Ich habe nirgendwo eine Möglichkeit dazu gefunden ?
Dabei ist das die wichtigste Funktion, wenn ich den IMBA build fertig habe, ausdrucken, neben den PC legen,lesen, und WoW einloggen und umskillen ^^


----------



## Biebre (22. April 2009)

Wie wäre es mit Screenshots? 


			Dieser Inhalt steht nur eingeloggten Mitgliedern zur Verfügung.


----------



## Caros (22. April 2009)

Ganz schlau ....
Schon mal so einen Screenshot ausgedruckt ? Sicher noch nie.
Schwarz-grauer Brei, kaum zu erkennen.
Die Frage ist doch, warum kann ich bei den meisten anderen Blizz, Wowhead usw websites alles toll ausdrucken, und hier nicht ?
Eine Mangelbehebung durch "Gebastel" hilft keinem, daher war meine Frage durchaus berechtigt.
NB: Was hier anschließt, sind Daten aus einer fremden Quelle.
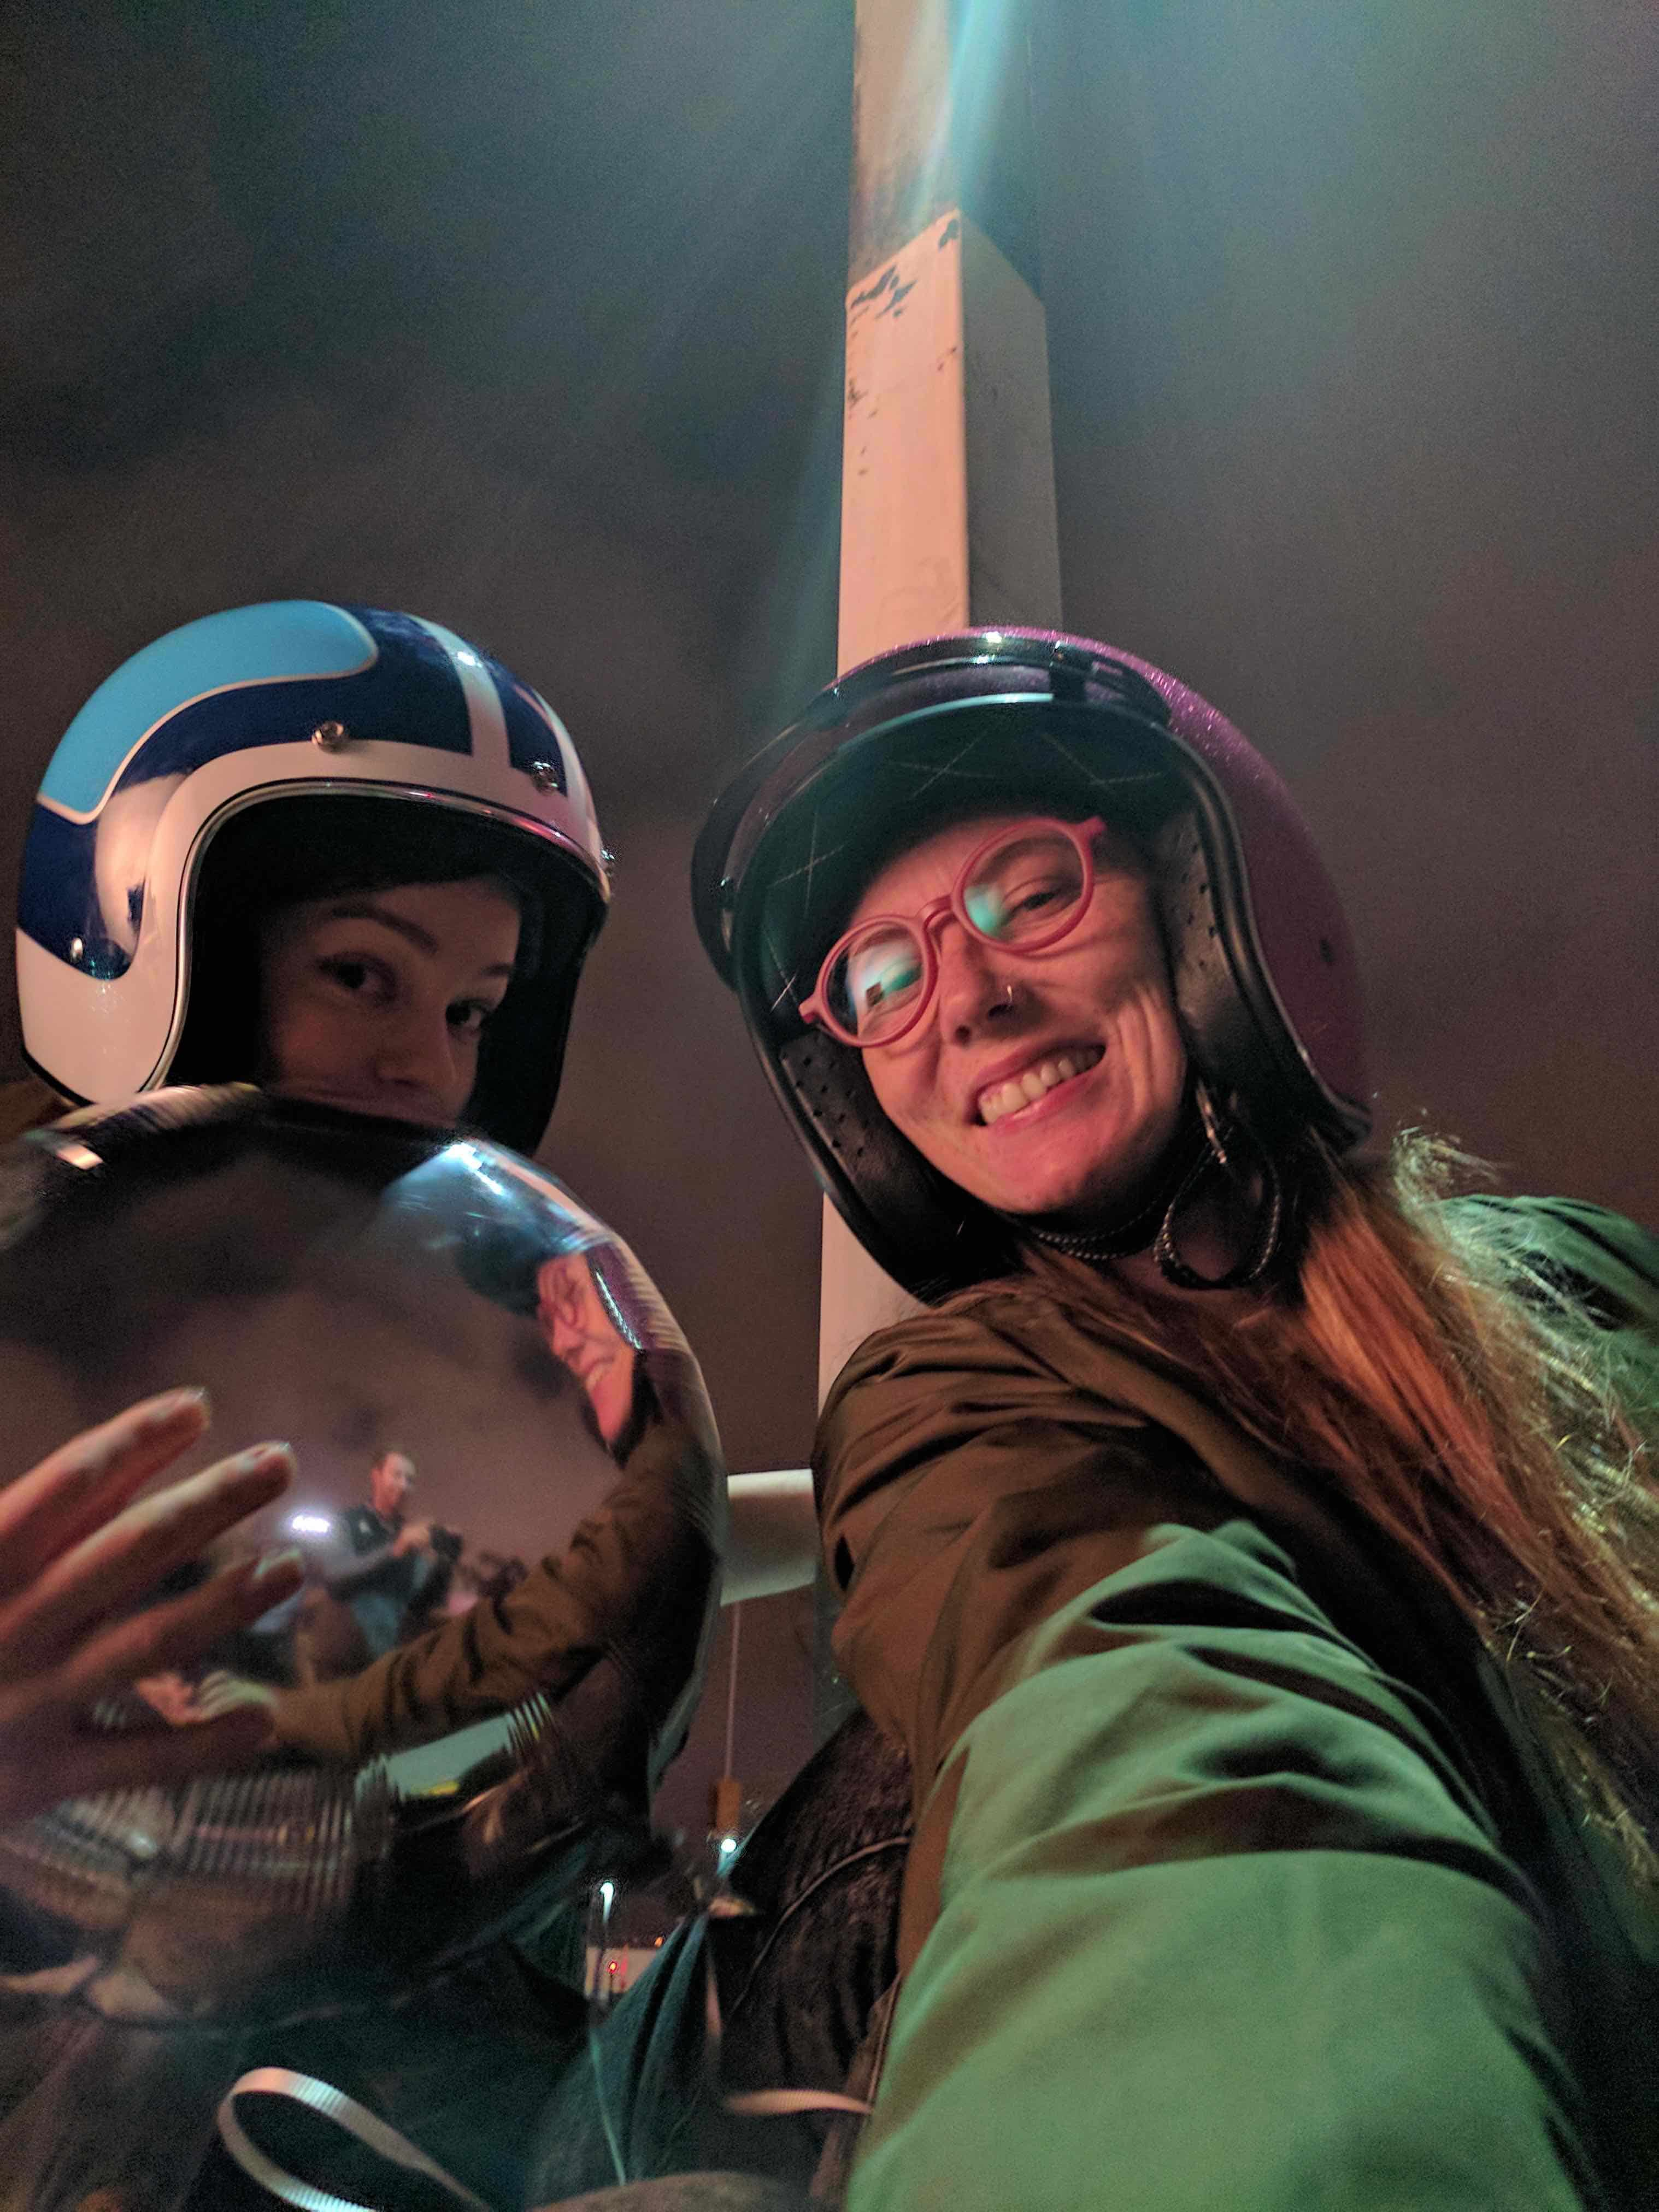 Selfie en basse luminosité

			Dieser Inhalt steht nur eingeloggten Mitgliedern zur Verfügung.


----------



## Skatero (22. April 2009)

Kannst du nicht einfach zwischen den Fenstern hin und her wechseln?


----------



## Caros (23. April 2009)

Klar, so mach ich das jetzt, wenn ich bei Buffed plane - ist aber trotzdem mega - blöde.
Generell versuche ich nicht Wirkung zu beheben (drum rum zu arbeiten> Fenster switchen etc.), sondern Ursachen zu finden und zu beheben ( > blöde programmiert ...).
Da aber viele nach dem Peter Prinzip arbeiten, gebe ich solche Hinweise bald auf - die Userdaten von Buffed werden das regeln, was ich am Ende schade finden würde, denn Buffed ist derzeit noch eine tolle und gute Institution in Sachen WoW - jedoch scheinen mir da viele Leute schlicht überfordert......


----------